In August 2014, 13 years after she had re-joined, NHS Pensions notified Mrs S that she had not been eligible to re-join the Scheme. This was the result of a concerted effort by NHS Pensions to identify ineligible members of the Scheme. ESHT reimbursed Mrs S for the contributions she made between September 2001 and March 2015, and NHS Pensions paid her interest of £1,132.71 on these contributions. Mrs S was also permitted to claim pension benefits backdated to her 60th birthday (27 January 2001), and NHS Pensions paid interest on the late payment of these benefits.
Mrs S made a complaint to the Pensions Ombudsman over the delay in NHS Pensions realising she wasn’t eligible, but NHS Pensions maintained that Mrs S had been ineligible to re-join the Scheme. However, NHS Pensions offered £1,000 compensation for the distress and inconvenience caused by its failure to realise that Mrs S was not eligible back in 2001.

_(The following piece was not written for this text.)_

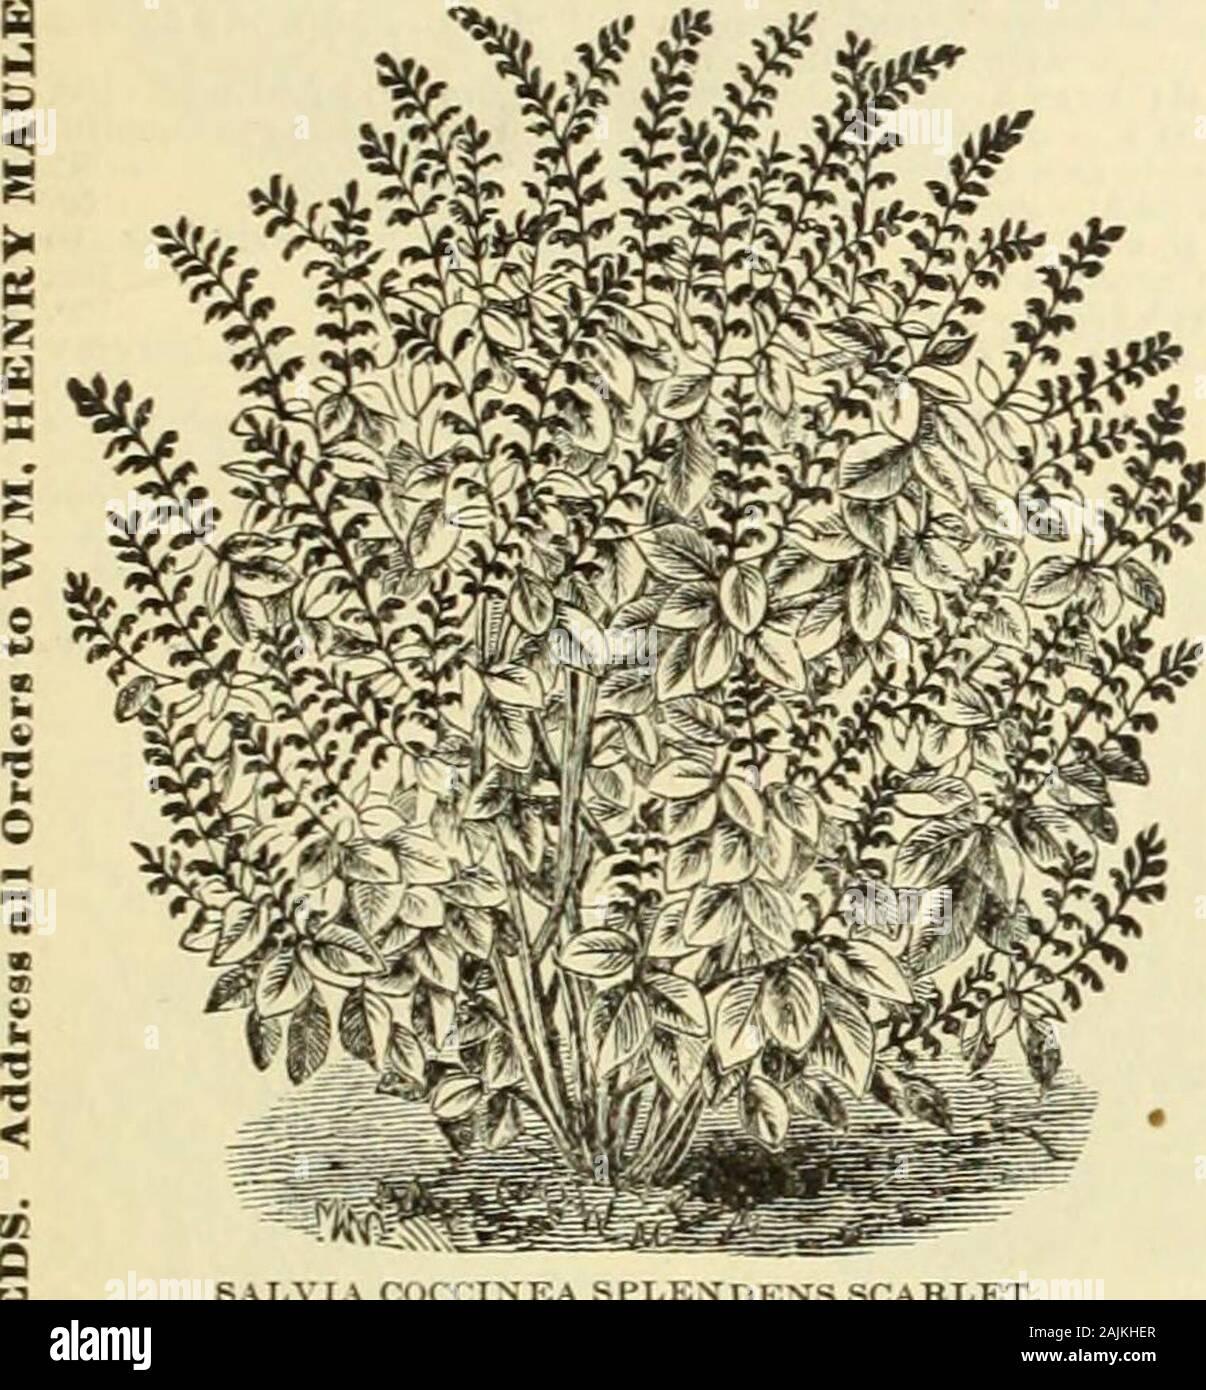 Maule's seed catalogue : 1896 . -Fou. 1 1^^^ ?I l^^s 1 ^^^^S 1 ^^^g t ^^I^Sw aj ^^^^^^m ^^^P^^ ^Sm^KSbM^^ ^^ STC.KKS—GERMAN —IKN W 1 fKS  Stock Photo
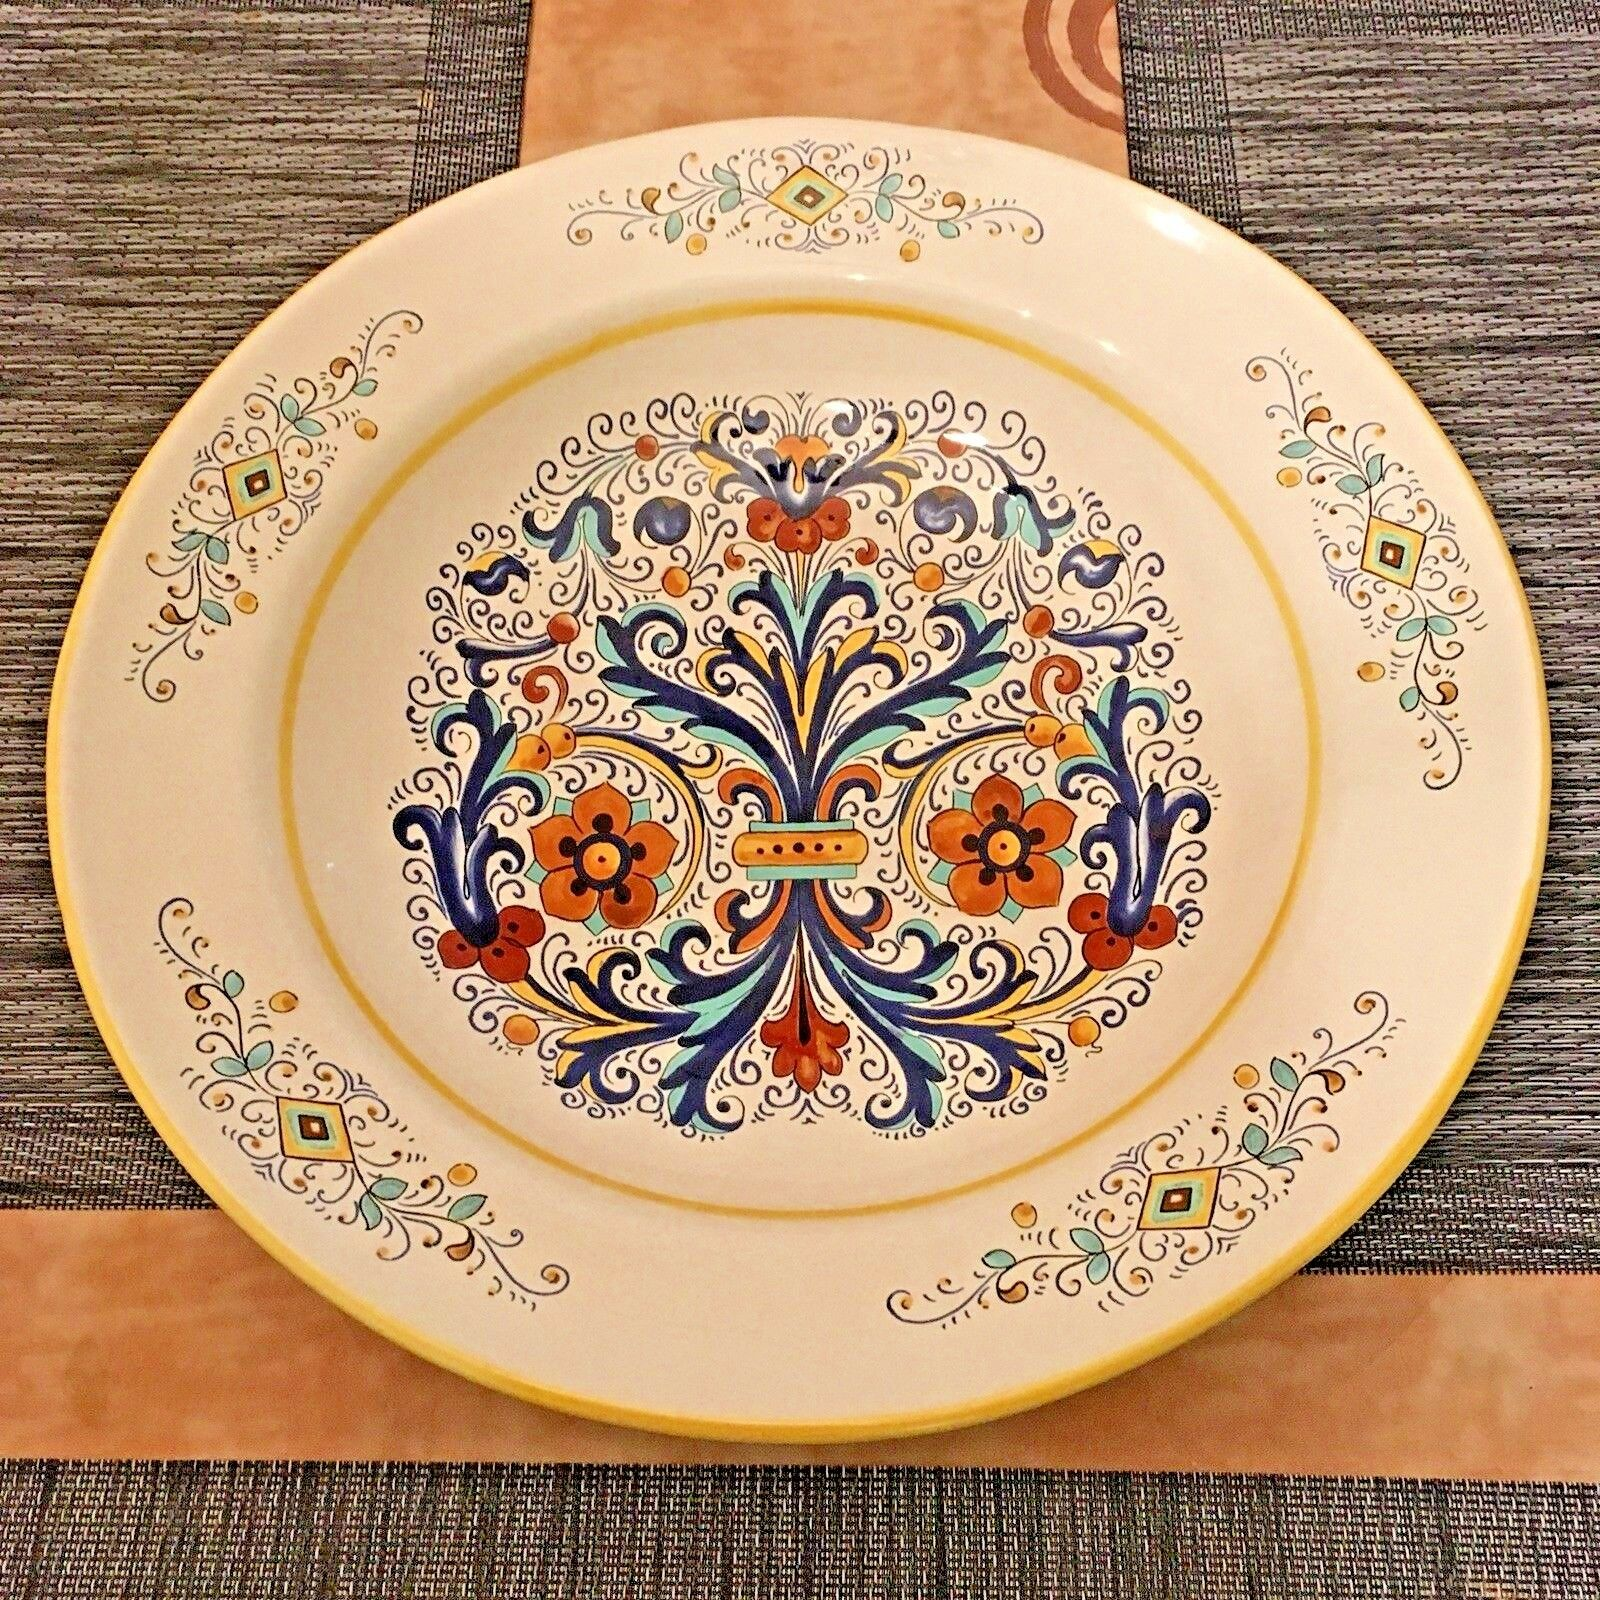 "DERUTA Deep Salad-Pasta Serving plate - 15"" - Nice Condition - Made in ."

The Pensions Ombudsman agreed that Mrs S was not eligible to re-join the scheme, and was not therefore entitled to receive benefits for the period in which she was ineligible. Mrs S argued that, had she known in 2001, she would have made an alternative pension arrangement. She then asked the Pensions Ombudsman to order that she be provided with pension benefits equivalent to those that she had lost. The Pensions Ombudsman decided that it was unlikely that she would have made alternative arrangements, given the higher costs of getting equivalent benefits to the Scheme in a personal pension scheme. The Pensions Ombudsman decided that Mrs S was entitled to the return of her contributions, less 20% tax and interest in addition. The Pensions Ombudsman also decided that Mrs S should be awarded £2,000 compensation for distress and inconvenience due to NHS Pensions’ maladministration, and stated that this was a higher award based on the lengthy period that NHS Pensions had failed to inform Mrs S that she was ineligible.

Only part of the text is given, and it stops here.